Marques de terrain : Il est quelque peu difficile de distinguer à distance le tarin des pins, les chardonnerets et les redpolls. Non seulement ces divers oiseaux se mêlent en groupes, mais leur taille, leur mode de vol, leurs appels et leurs habitudes générales sont tous assez similaires. Le tarin, cependant, se caractérise en toutes saisons par son plumage à rayures sombres (sur la base brun grisâtre au-dessus, plus ou moins blanchâtre ou chamois ci-dessous) deux barres alaires claires et, généralement, un jaune considérable sur les parties basales de son aile et plumes de vol de la queue. Il n'a pas de rouge sur la calotte ni de noir sur la gorge comme le font les sébastes. Les tarins en plumage juvénile ont le modèle adulte mais, pendant un certain temps après leur premier vol, ils se distinguent facilement de leurs aînés de près par le plumage usé de ces derniers, les jeunes étant beaucoup plus bufYier, leurs parties inférieures souvent teintées de jaune pâle, et leur aspect général plus léger. Notre tarin à tout âge est assez similaire en couleur et en motif à la femelle et au juvénal de Spirtus spinus, le tarin de l'Ancien Monde : une espèce dans laquelle le mâle adulte ressemble à un redpoll avec une couronne (qui est noire dans le tarin) et un menton noirâtre.
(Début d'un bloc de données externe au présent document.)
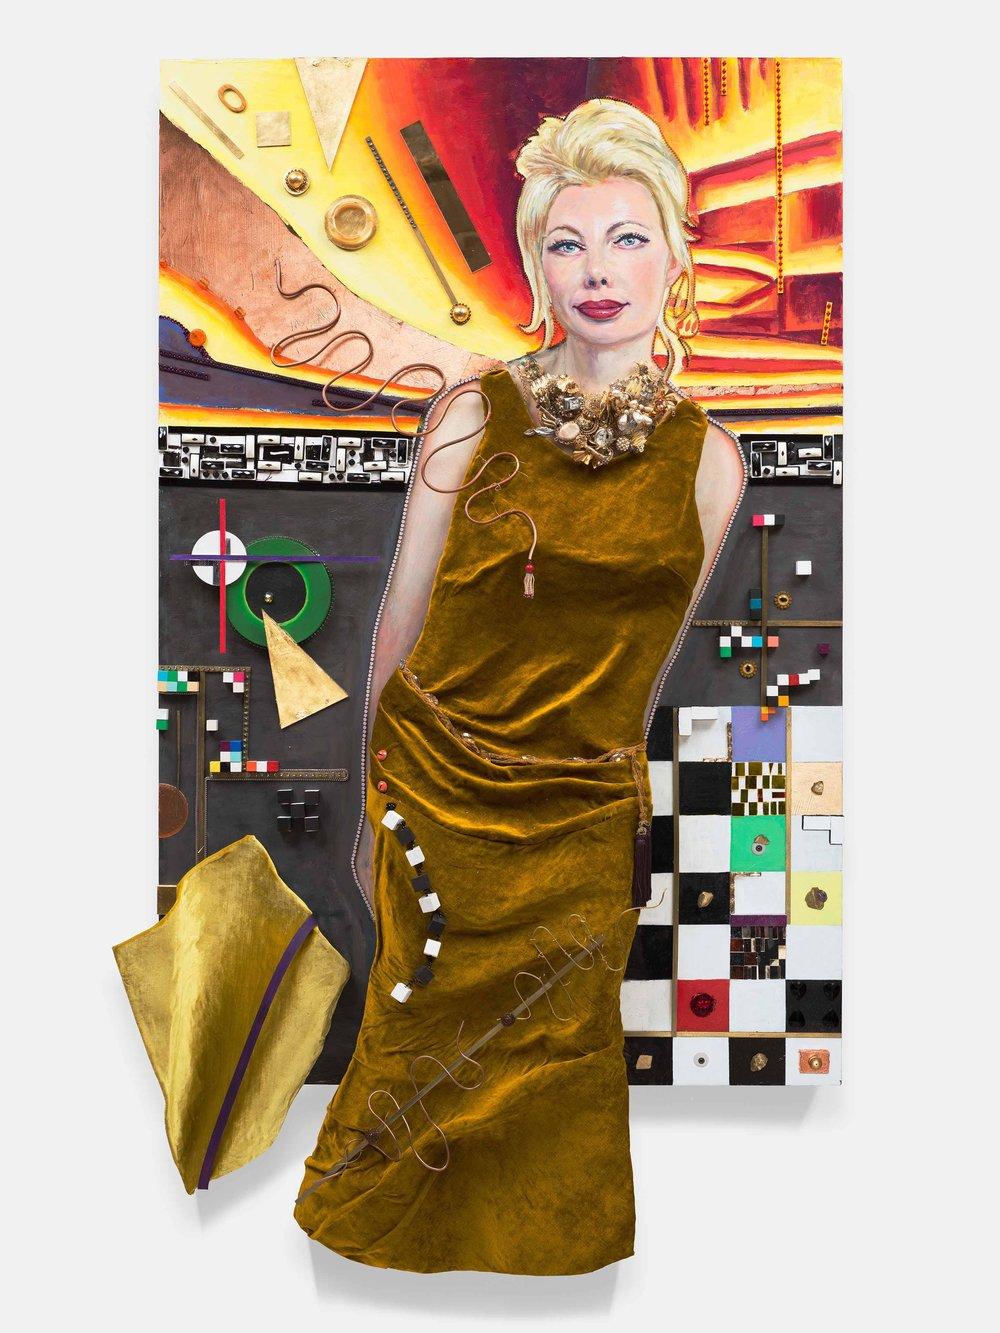 StrosbergMandel-OlgafromRussia-metallic print-18 x 24 in.-$950.jpg

Voix : Divers énoncés sont fréquemment comparés à ceux du chardonneret, des redpolls et du canari. Les notes d'appel sont données en chœur, en particulier lorsque les oiseaux se posent ou se reposent. Les mots descriptifs couramment utilisés par les descripteurs de notes d'appel de tarin sont : faible, mince, lispy, bourdonnant, sifflant et barattage. En général, leurs cris sont plus rauques que ceux du chardonneret d'Amérique.
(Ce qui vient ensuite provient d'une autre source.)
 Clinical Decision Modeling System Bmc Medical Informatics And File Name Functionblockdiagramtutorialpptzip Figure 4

Ralph Hoffmann (1904) décrit le cri commun comme « chee-es donné sur un ton rauque lorsqu'il vole, il émet une note comme les syllabes tit-i-til. Un autre appel très doux, souvent donné par un seul oiseau pour rappeler le troupeau, est identique à une note du Chardonneret d'Amérique." En hiver à Anniston, Alabama, RH Dean (1923) observe que, lorsque les tarins ont pris leur envol, leurs paroles étaient til-i-te, tit-i-te, plusieurs fois de suite, parfois les notes étaient un plus doux see-a-wee . Le 22 mars, une nouvelle note est enregistrée, z-z-z-z-z (un z prolongé), faible comme toutes les notes, mais assez dure. Les notes z semblent faire partie de la chanson, "une faible performance de gazouillis prolongée entrecoupée de notes z-z-z-z plus fortes". A. A. Saunders (1935) souligne que le tarin a un "vol ondulatoire, appelant tit-a-til à chaque ondulation". Il mentionne également un "swi-sisee rauque mais doux, coulant vers le haut à la fin, un peu comme la note similaire du chardonneret, à l'exception du rauque". Il dit que le chant du tarin est prononcé en chœurs et que des chœurs mixtes se font entendre lorsque les tarins et les tarins affluent ensemble. La chanson de ce dernier ressemble beaucoup à celle du premier, étant « une longue série de notes, des groupes de phrases à deux notes, ou des notes simples et de longs trilles ». La qualité est "rauque, et les trilles fricatives et comme un long murmure fort".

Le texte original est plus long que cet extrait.